Diffido della pietà. Esalta in me sentimenti piuttosto vili, un prurito di tut­te le piaghe dell’anima.

Georges Bemanos

Certo, la pietà è un sentimento ambiguo, come dice il protagoni­sta del romanzo II signor Ouine che lo scrittore cattolico francese Georges Bemanos pubblicò nel 1946. C’è, infatti, una pietà che nasce da viltà e sconfina nel disprezzo.
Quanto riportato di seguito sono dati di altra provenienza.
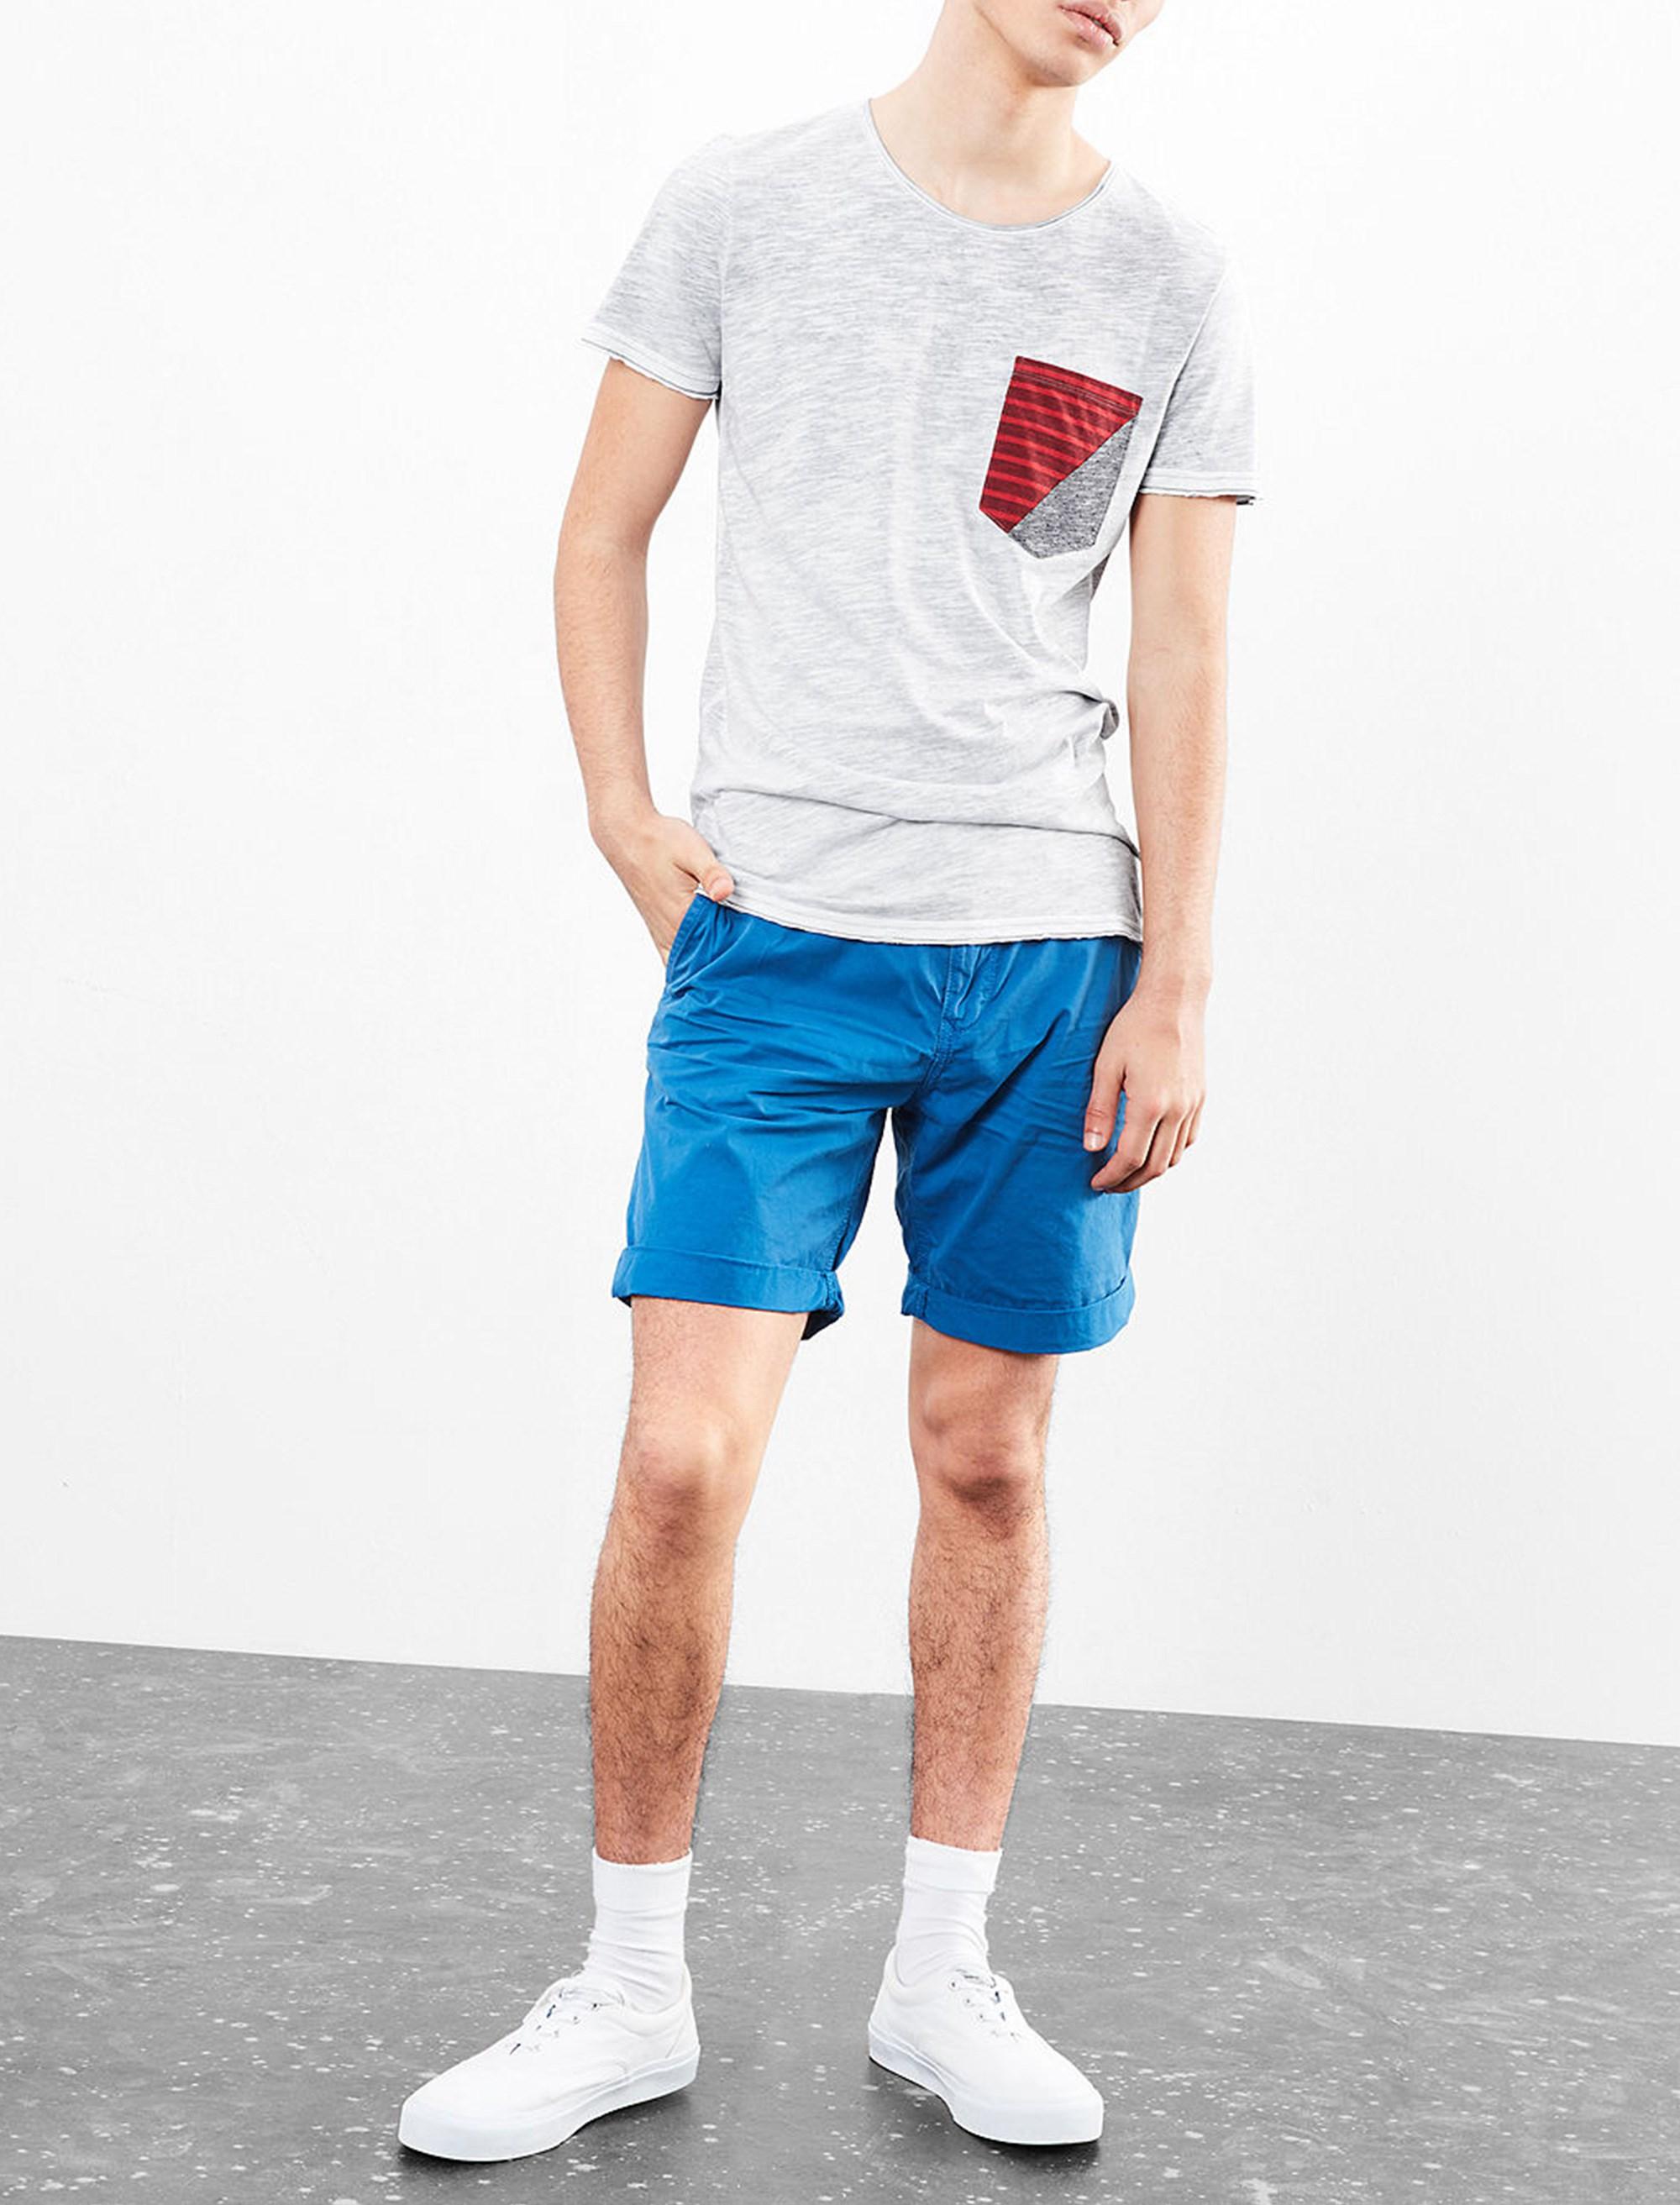 تی شرت نخی یقه گرد مردانه - اس.اولیور - طوسي قرمز - 2
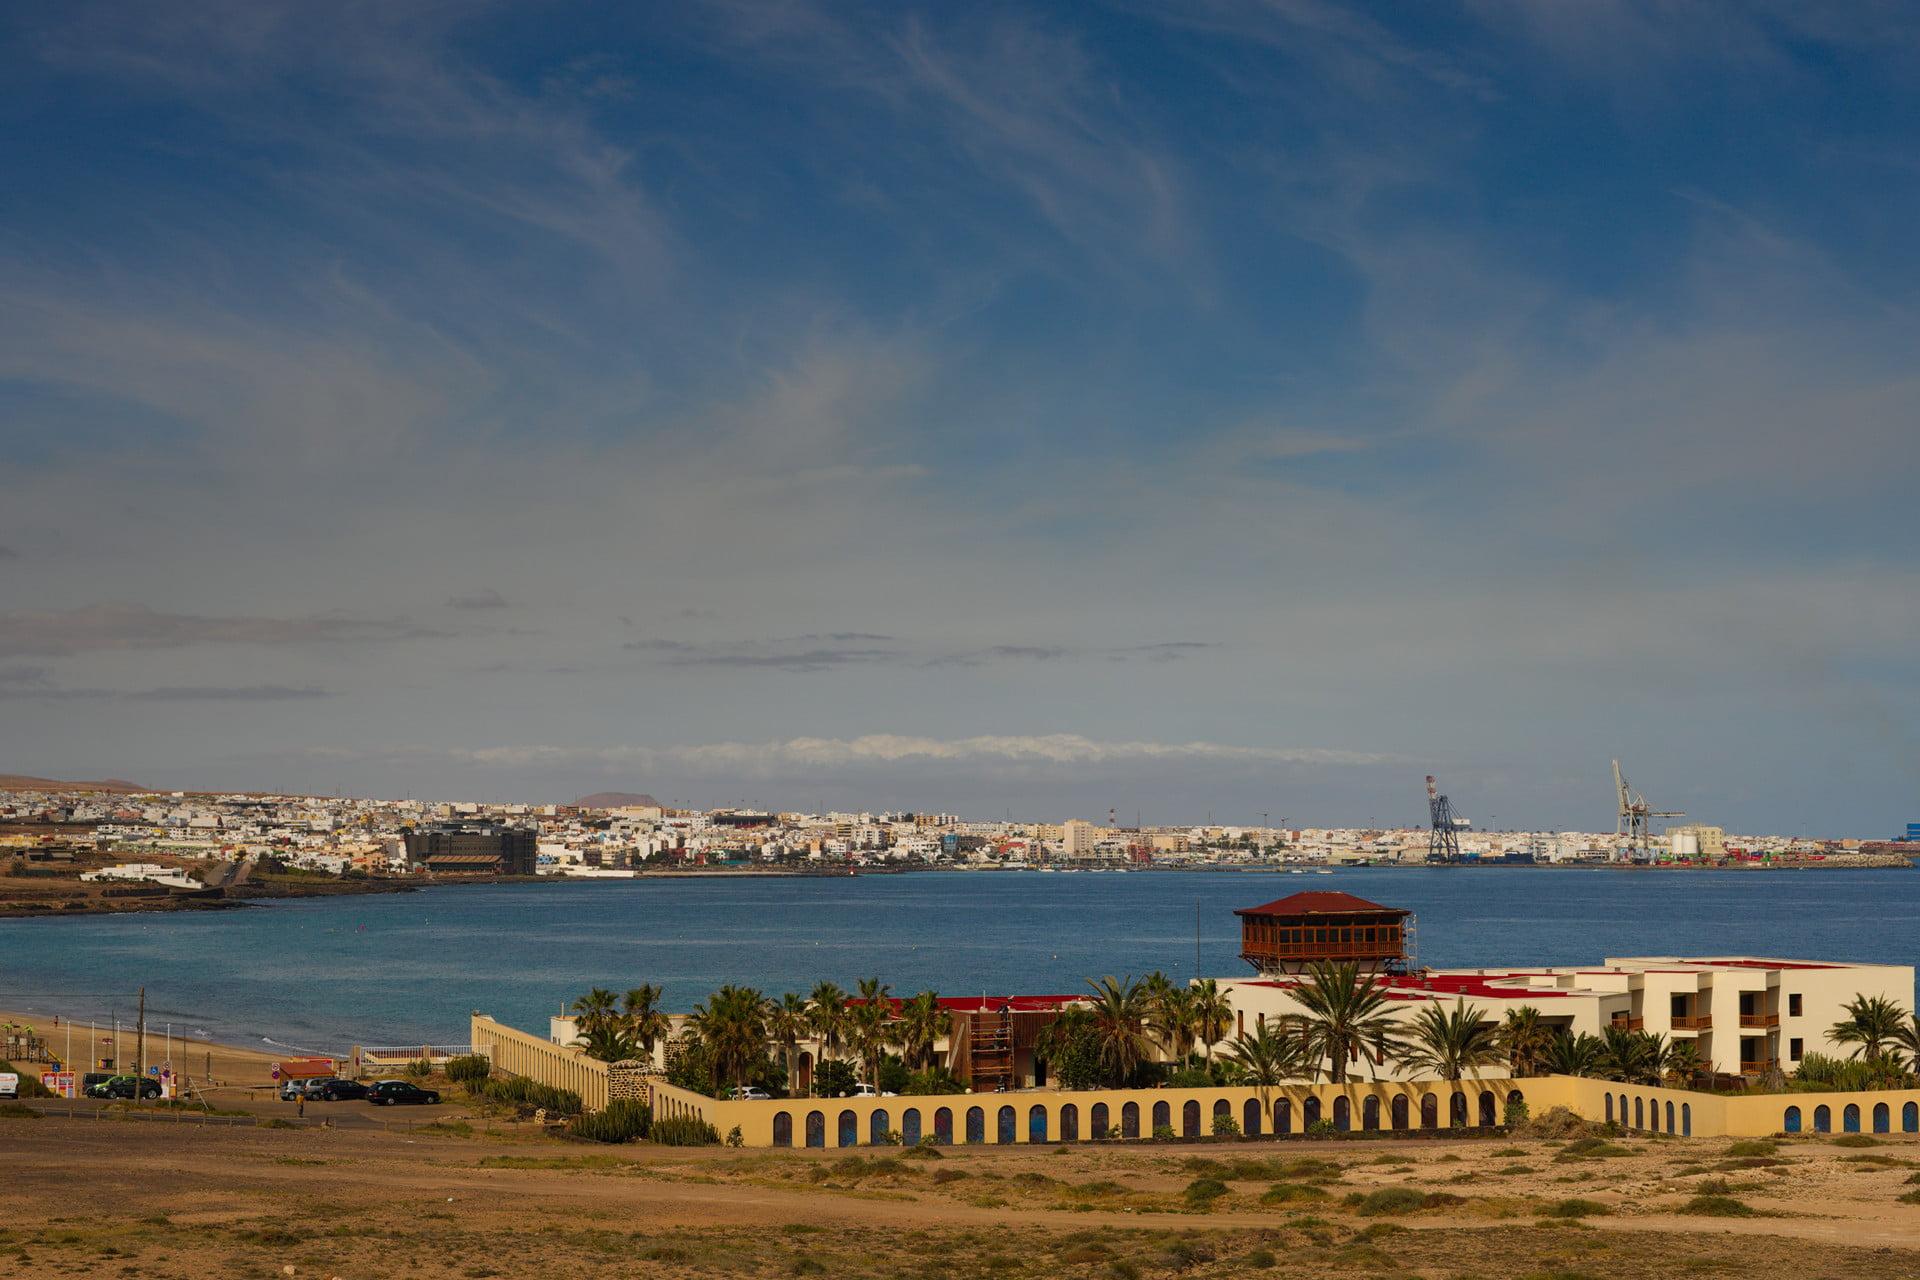 The old Parador Hotel and Puerto del Rosario

È quell’atteggiamento apparente­mente compassionevole nei confronti della creatura più debole ma che sottilmente nasconde in sé un’arroganza o l’intimo compiaci­mento di non essere in quello stesso stato miserando. Leonardo Sciascia nella sua famosa opera Le parrocchie di Regalpetra (1956) giunge­va al punto di scrivere: «Un terribile sentimento, la pietà. Un uomo deve amare ed odiare: mai aver pietà».

Ribaditi, dunque, tutti i ri­schi che questa esperienza umana comporta, bisogna però anche ri­conoscere il rovescio della medaglia.

Troppo spesso, infatti, ci imbattiamo in persone spietate. In questi casi la loro arroganza è esplicita, la loro crudeltà non si premura di velarsi, la loro indifferenza non cerca alibi ma si ostenta in tutta la sua brutalità.

C’è, però, un altro modo, meno appariscente, di essere senza pietà ed è quello espresso dall’aggettivo «impietoso», meno forte di «spietato», eppure ugualmente «senza pietà». Esso può adattarsi a chi si fa progressivamente indifferente di fronte alla sof­ferenza e alla necessità altrui.

Il suo comportamento è quello egoisti­co del sacerdote e del levita della parabola del buon Samaritano nar­rata da Gesù (Luca 10,25-37): essi «passano oltre dall’altra parte» della strada ove è accasciato a terra chi avrebbe bisogno di quella pietà che è umanità, solidarietà e autentica compassione. La vera pietà è, infatti, sinonimo di amore.